Með hamri (With a hammer) is the third studio album by Icelandic black metal band Misþyrming, released on 16 December 2022 by Norma Evangelium Diaboli. The album received positive reviews from music critics. Með hamri is the band's first album to feature new drummer Magnús Skúlason.

==Background and recording==
In an interview with The Reykjavík Grapevine, vocalist, guitarist and songwriter D.G. stated that Með hamri is "a very aggressive and bitter manifesto". According to him, Misþyrming's previous album, Algleymi, was more emotional, whereas Með hamri is "the darkest album of the band; violent, with dark soundscapes". Two months before the recording of the album, the band replaced their drummer Helgi Rafn Hróðmarsson, as he was living abroad and working with him from a distance did not work out. He was replaced by Magnus Skúlason from Svartidauði. The drums were recorded in one day at Stúdio Sýrland. The entire recording process lasted from March to July 2022.
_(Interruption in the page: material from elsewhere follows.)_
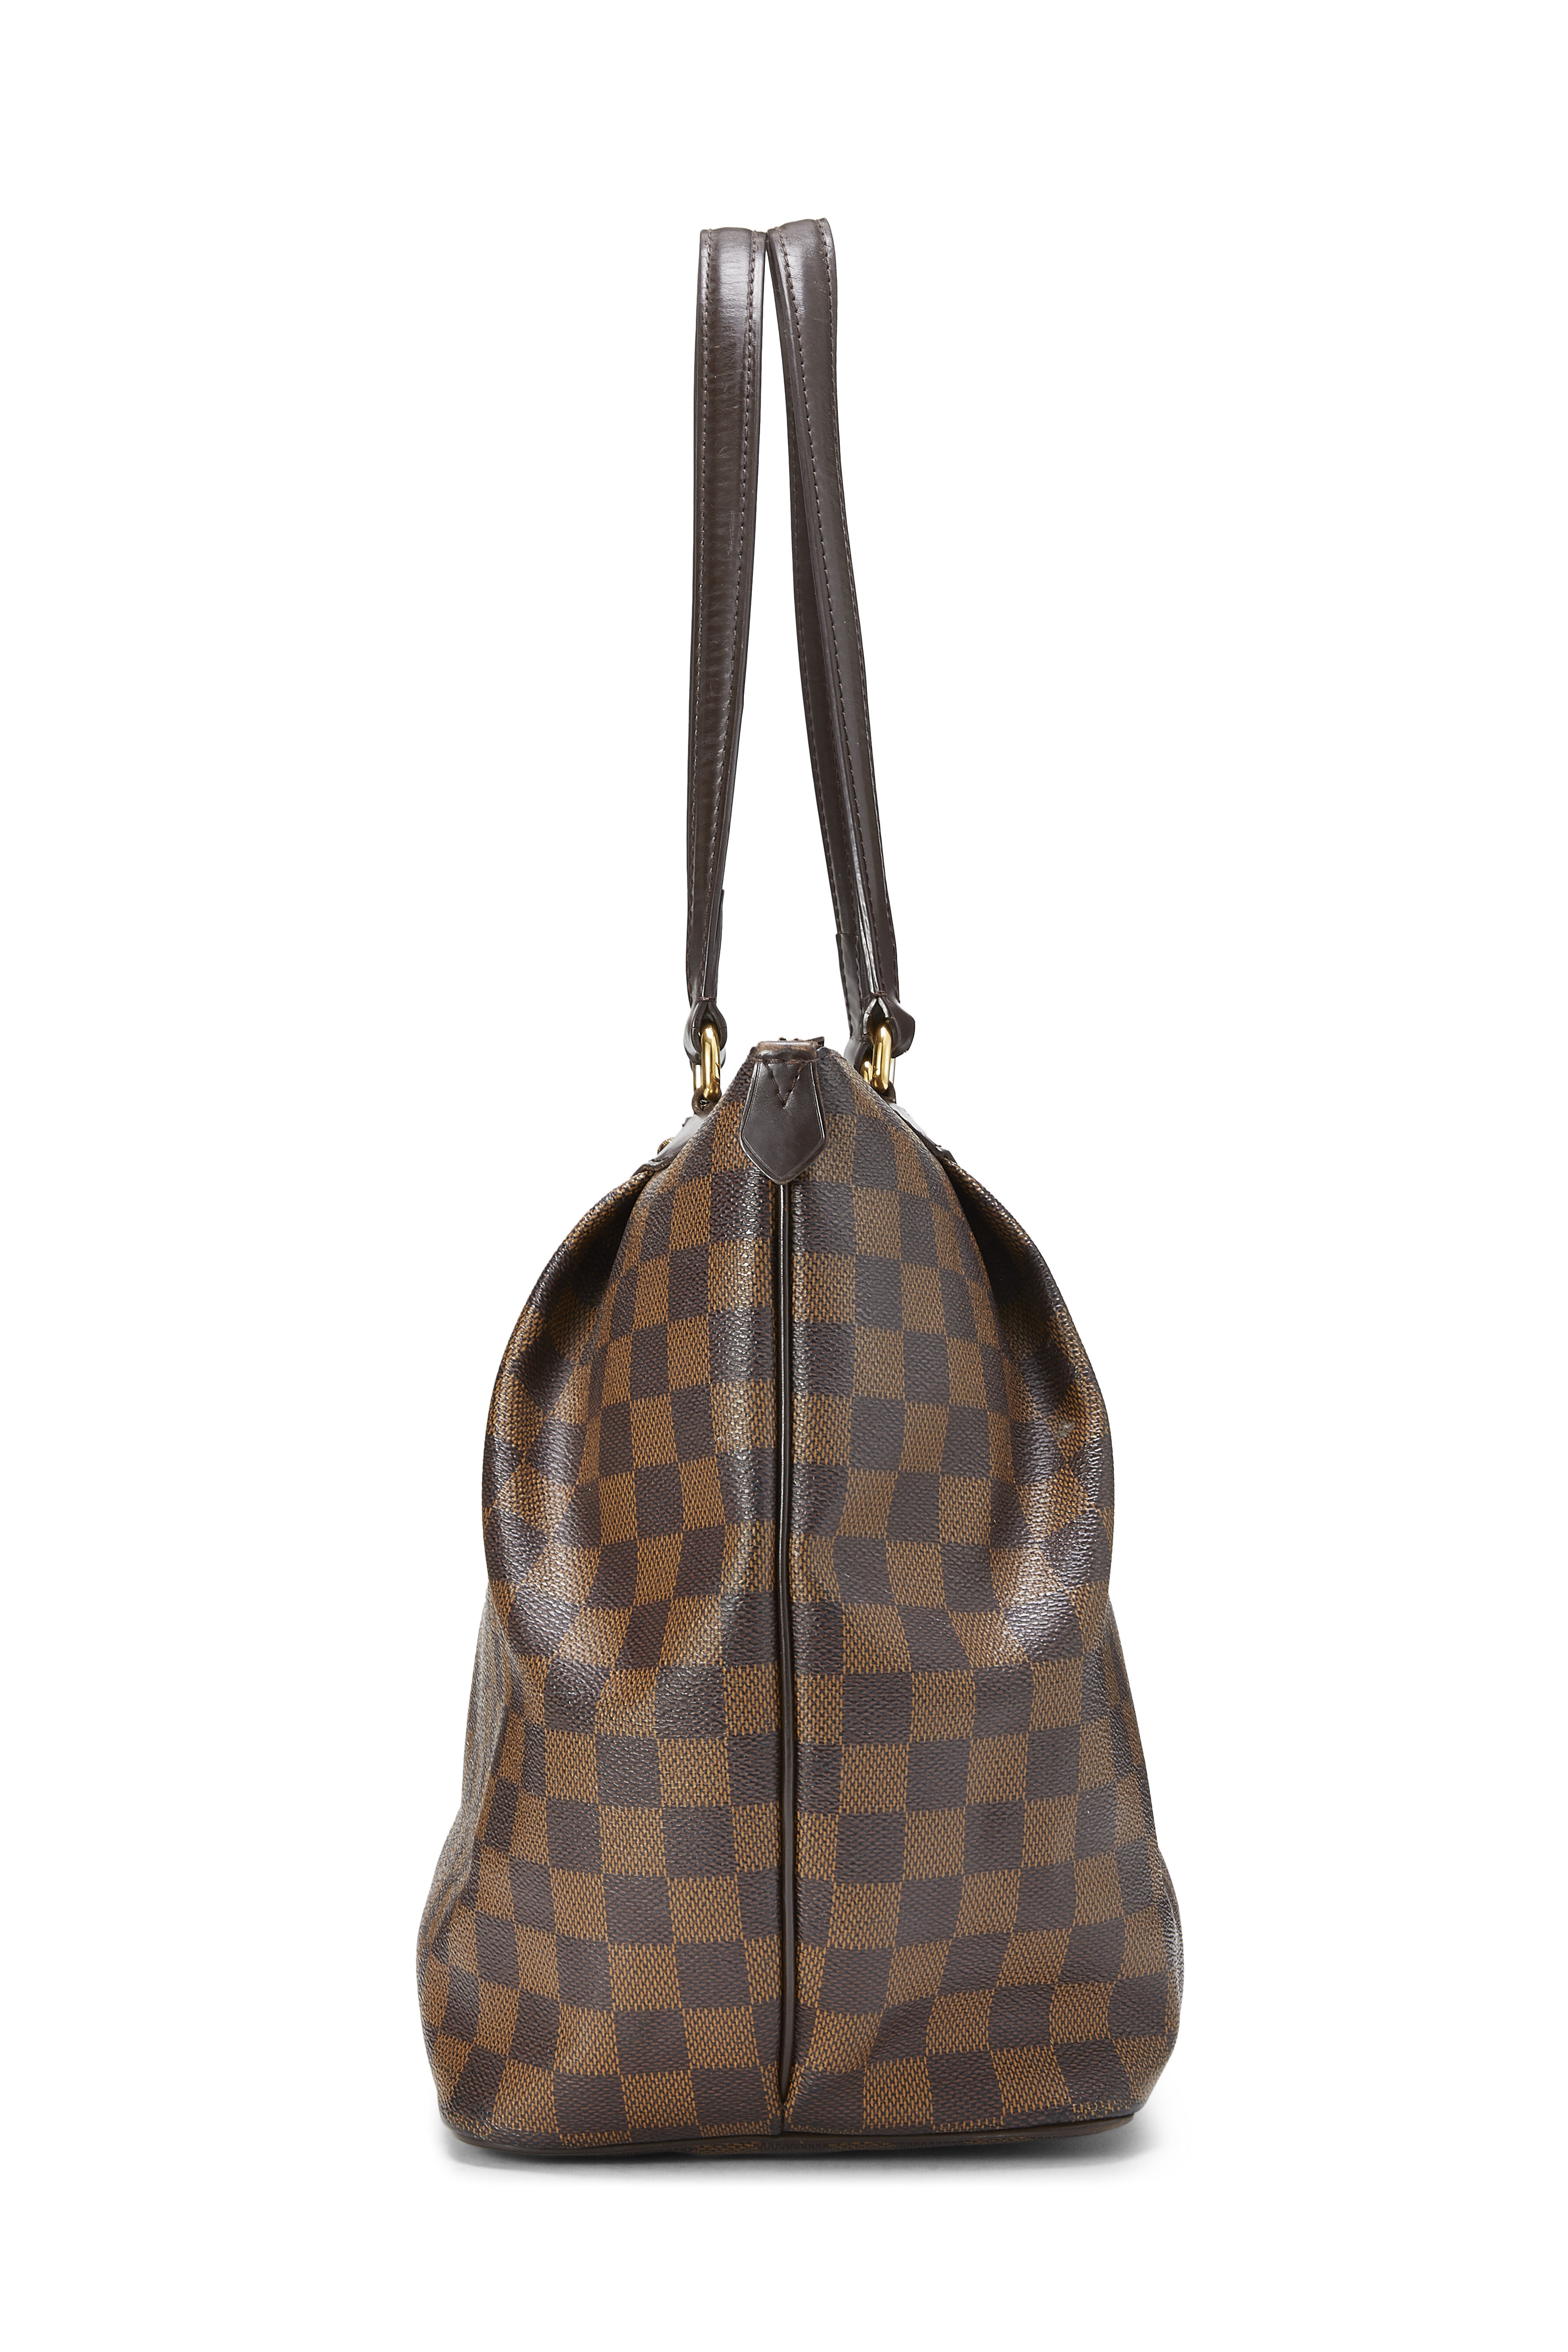 Louis Vuitton Damier Ebene Westminster - What Around Comes

According to D.G., the album was influenced by the desire to go beyond their tried and tested methods, to reach greater extremes and depths, to create a threatening and unsettling impression, while again relying on themselves and their constantly evolving skills. Another factor was the desire to convey an energy similar to that of a live performance, which the band achieved by recording without a metronome, using live drums, high volume amplifiers and feedback on the guitar.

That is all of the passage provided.